I wrote this on my Facebook, on Thursday:
Up until about an hour ago, I thought I was going to completely blow a deadline so thoroughly that the project I’ve been working on for most of a year would be canceled.
But I had this great conversation with my team (and indirectly with my editor, via his comments) that showed me a clear and surprisingly simple path to completing this thing by that very same deadline. There’s nothing tricky about it; it’s just a little trick! The Brad Jacobs … something or other …. references aside, the trick was helping me recognize what was important, what could be cut, and what could be finished at a point in the Mysterious Future, in another book.This means that, instead of having around 20,000 new words to write and edit, I only have 182 pages to edit and rewrite. I did about 94 pages today, which sounds like a lot more than it is, due to the nature of the work, but still feels pretty good. I am totally going to finish this thing! It’s going to come out next year! Hooray!
So, I did the remaining 94 pages, and turned them all in. That left me with these two short things that will bookend the entire text, you could call them an intro and an outro, if you wanted. They’re important. They carry a lot more weight per word than any other part of the book. I have to get them right. I knew that each part would be around 1200 words, so I had two days to do about 2400 words if I was going to make my deadline tomorrow.
This isn’t a regular deadline I can blow through. This is it. If I miss this one, the whole project will be delayed by at least a year. So 2400 words separate me from success or what I will absolutely categorize as a failure. Over a year’s worth of work hangs on those 2400 words.

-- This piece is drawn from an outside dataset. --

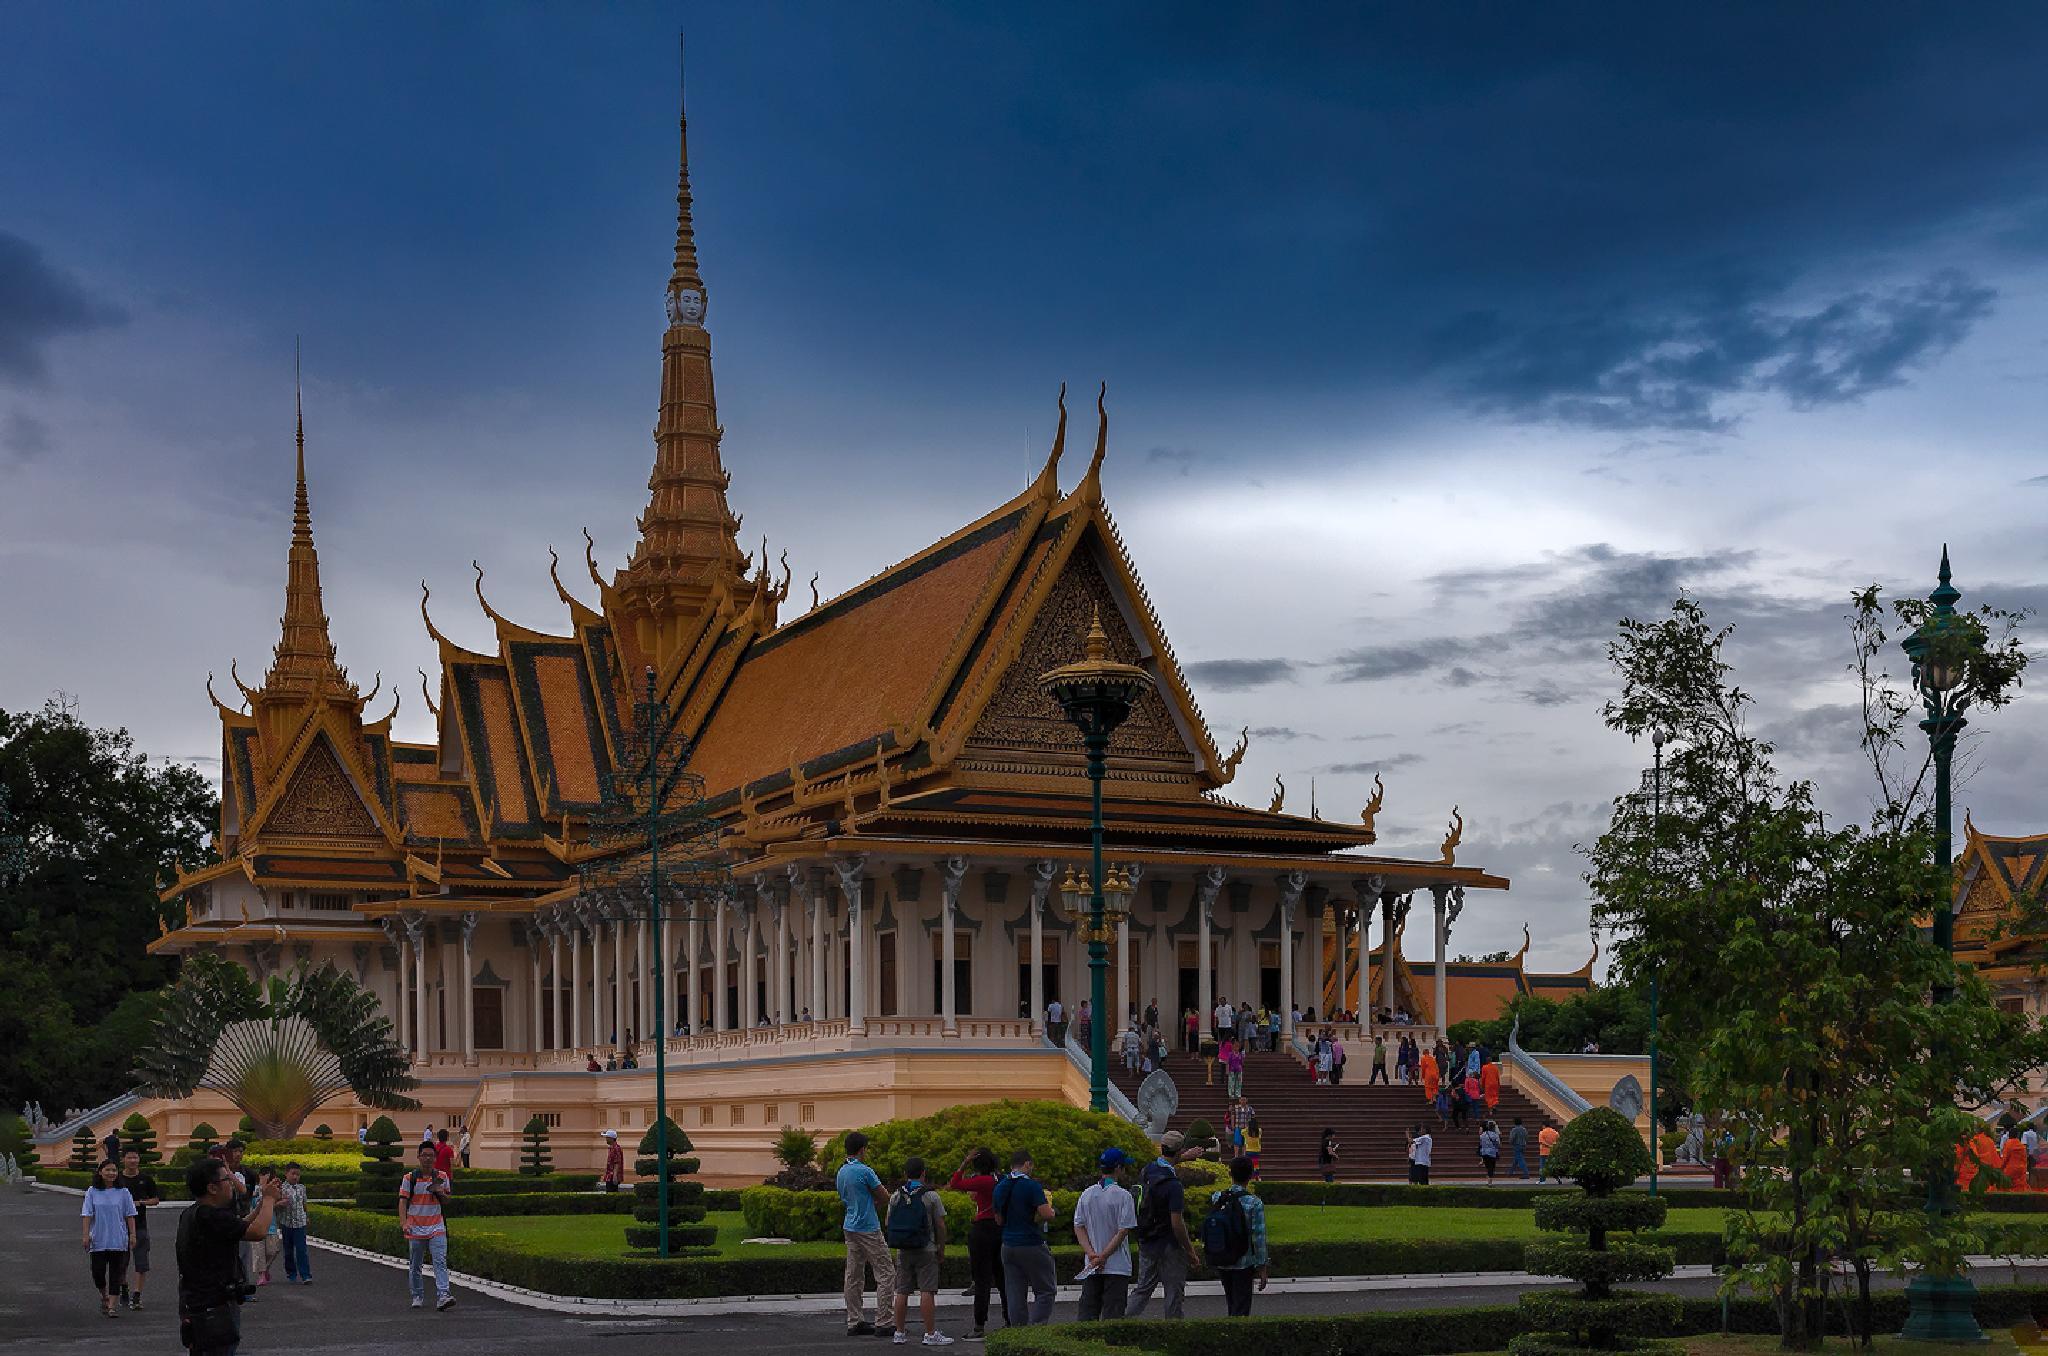 King's Palace by dinajona

Those words just refused to come. You know how you try to hold something really still and your hand just trembles harder, because all your fine micro muscle movements are working really hard to do their best work, and they can’t quite figure out how to work together? So you get exactly the opposite of what you’re trying for? It was like that.
Yesterday, I sat down with my brain, and I was, like, “dude, come on. You gotta work with me.” And my brain went, “LOL nope.”
So I emailed my editor and told him that it just wasn’t going to happen. I’d worked so hard for so long, but I just couldn’t get this last bit, which is extremely important, onto the page. I accepted that this thing would be delayed by a year, and … well, the next little bit is basically [SCENE MISSING] because sometime after I wrote that e-mail, I fell into the gravity well of my Writer’s Brain without realizing it, and everything I needed to say came out as if by magic.
Well, one of the two bookends, anyway. The second one, if it matters. I still couldn’t find my way into what will likely be the very first sentence of this whole thing. Just a little bit of pressure.
I did not sleep well last night. I kept waking up, too hot or too cold. My brain seized each opportunity to helpfully throw out ideas at me. None of them were good, but I appreciated that it was doing the work.
When I woke up this morning, about 1200 words and 24 hours away from ultimate success or complete failure, my brain was even less cooperative than it was yesterday. “Come on, man, I just need to find my way in. Once I find my way in, it’ll all come together and I can do something that’s good enough to turn in. Let’s do this together, brain!” And my brain just said, “Bro. I stayed up all night working on ideas for you, and you rejected all of them.” Then it just crossed its little arms, which is a weird image but also kind of adorable, and refused to help.
If you’re going to be a writer, you have to use tools to help you when you run into things like this. You have to work through the total refusal of your brain to be a team player, over and over again. Each time is different, each trick a surprise to me as much as it’s a surprise to my brain. But where to start? What’s going to trick my brain into letting me have the last little bit that I need, the most important bit, the bit that’s shorter than all the words I’ve written and cut already.
I learned a thing in drama school that was intended to be applied to acting. I find that it applies to all creative work: keep it simple. Keep it simple and the nuances will arrive on their own, in their own time. Keep it simple, and stay out of your own way.
Keep it simple. Okay. Let’s try that.
I went all the way back to the basics, from probably middle school, and I made an outline. For 1200 words. A few beats, broken down into a beginning, middle, and end. Not entirely perfect — oh except that phrase, that’s a nice one that’s absolutely going into it — but good enough to get started.
I opened a new text editor and started where my outline said to start.
About fifty words into it, I realized it was all wrong. It was all horribly wrong. I hate this. This isn’t where this thing starts. Oh! Shit! I know! This thing starts at
[SCENE MISSING]
And then it was done. It’s not final, but it’s good enough.
A completed first draft, 24 hours before the drop dead deadline. Success!
You bet your life I’m going to celebrate. I’ll be taking my brain out for ice cream.